95% of your behaviour is subconscious, meaning you live on auto pilot. Change that. You don’t want to fool anybody in life and the easiest person to fool is yourself.
Here’s how you do it when you deal with debt:
1 - You look at you life and face the reality of your life choices. Take a piece of paper and write down all the goals you achieved. This could be anything from getting a qualification to organising a big family event. Anything that took some work, sacrifice, effort and creativity. It’s your life, you decide what goes on your list.
2 - Next, pick about 5 or 6 of those goals but make sure they’re quite different as you don’t want to end up repeating yourself. Then think and write down how exactly you achieved each of those goals. What you're interested in here are your processes, your systems. If these sound too complicated, think in terms of routines and the ways you carved out time to achieve those goals. What felt rewarding on your way.

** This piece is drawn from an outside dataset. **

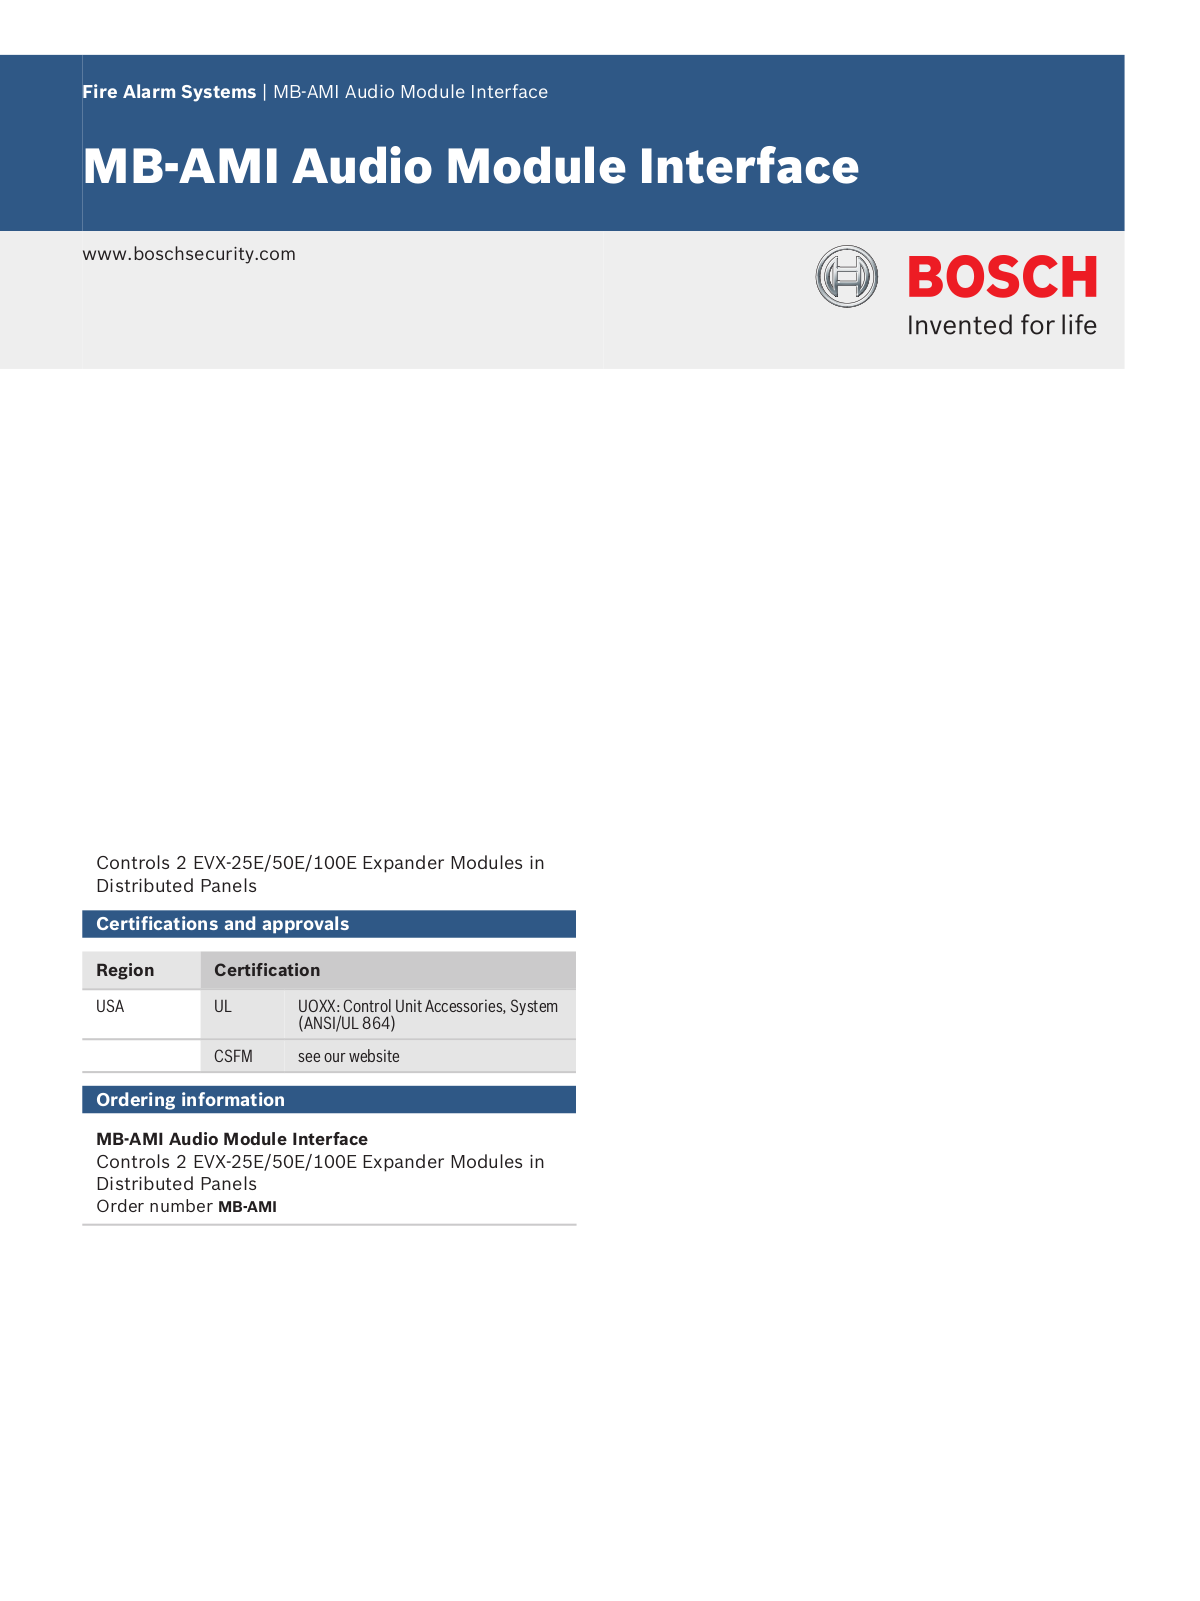 Bosch MB-AMI Specsheet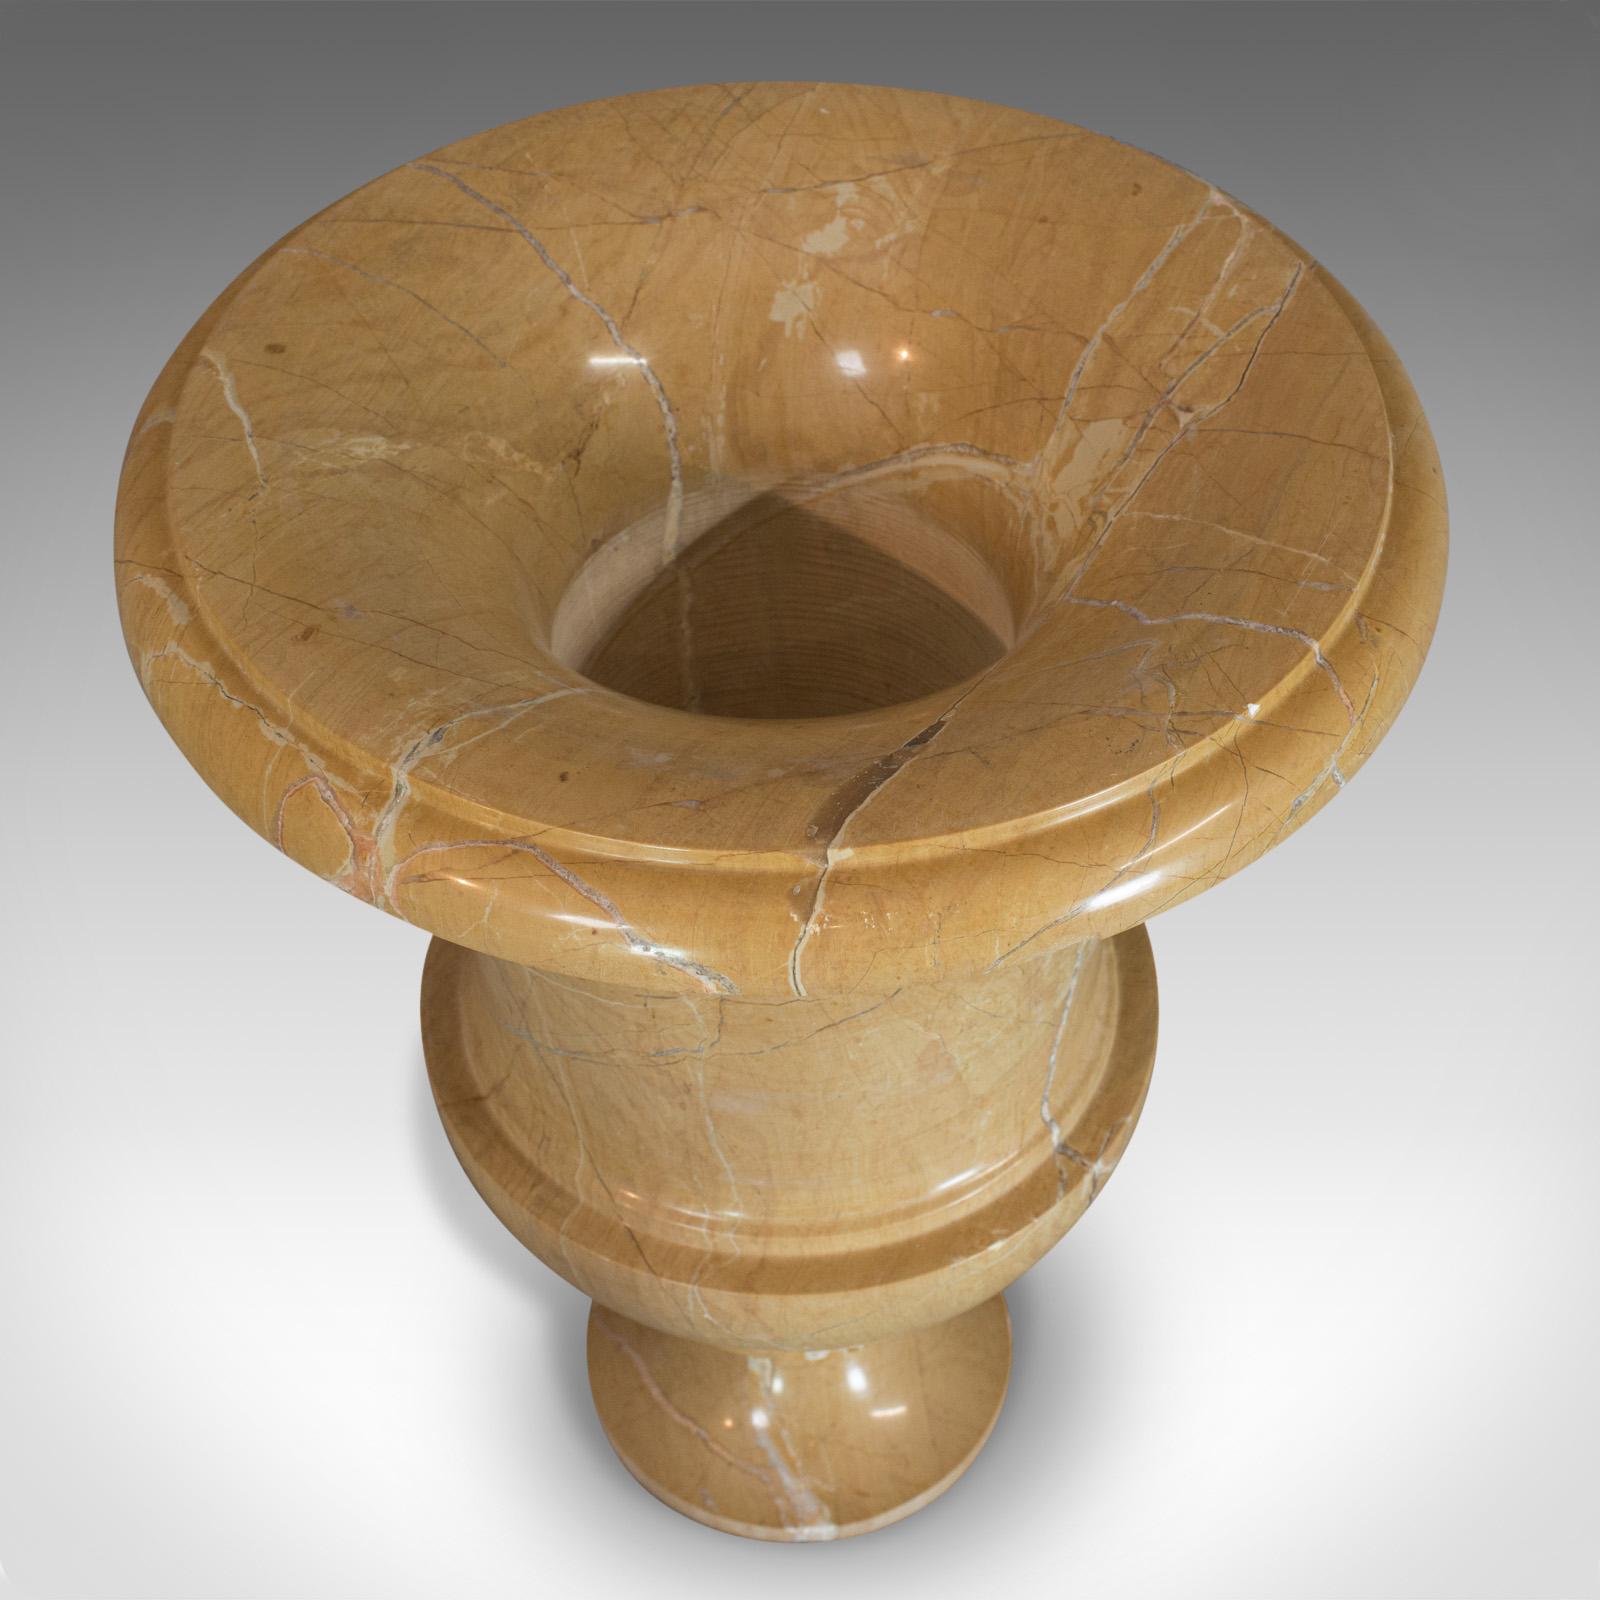 Vintage Ornamental Baluster Urn, English, Golden Pearl Marble, Decorative, Vase For Sale 2

3 - See clearly what your life has been like so far. And this way get an idea of who you are when it comes to long-term goals. Who you are when it comes to sacrifice, effort, a bit of struggle.
Maybe you're a person who always wanted to lose weight, but goes to a fitness class for three weeks and suddenly stops, just cannot keep it up. And so you will need to treat yourself to something, as a reward, after each class.
On the other hand, you could be a person who signs up for a marathon and just goes for it and keeps their eyes on the horizon. You simply know that you're going to sustain the training and make sure that you make all the right choices and accommodations in your life so that you actually reach that goal and run that marathon.
4 - Notice all patterns. The patterns will tell you where you are in terms of your behaviour. Behaviour is everything. Behaviour is something that you need to take a closer look at.
Once you have a clear picture of how you achieved goals in your life, you’ll have a good insight into your debt repayment method.
The Method
You choose the method that works for you. The hallmark of personal finance is this: it's personal.
The first one is the avalanche method. With this method, you focus on the highest interest debt, and then you make minimum payments to all of the other debts. This ensures that you don't accumulate more debt. Always make minimal payments. You pick this method when you are the long-term goal person, the marathon, thick book, long course, long-term relationship type of person.
If that’s not you, go for the snowball method. Here, you focus on the smallest debt first, you don't look at the interest, you just look at the smallest total debt amount first. And then you make the minimum payments to other debts.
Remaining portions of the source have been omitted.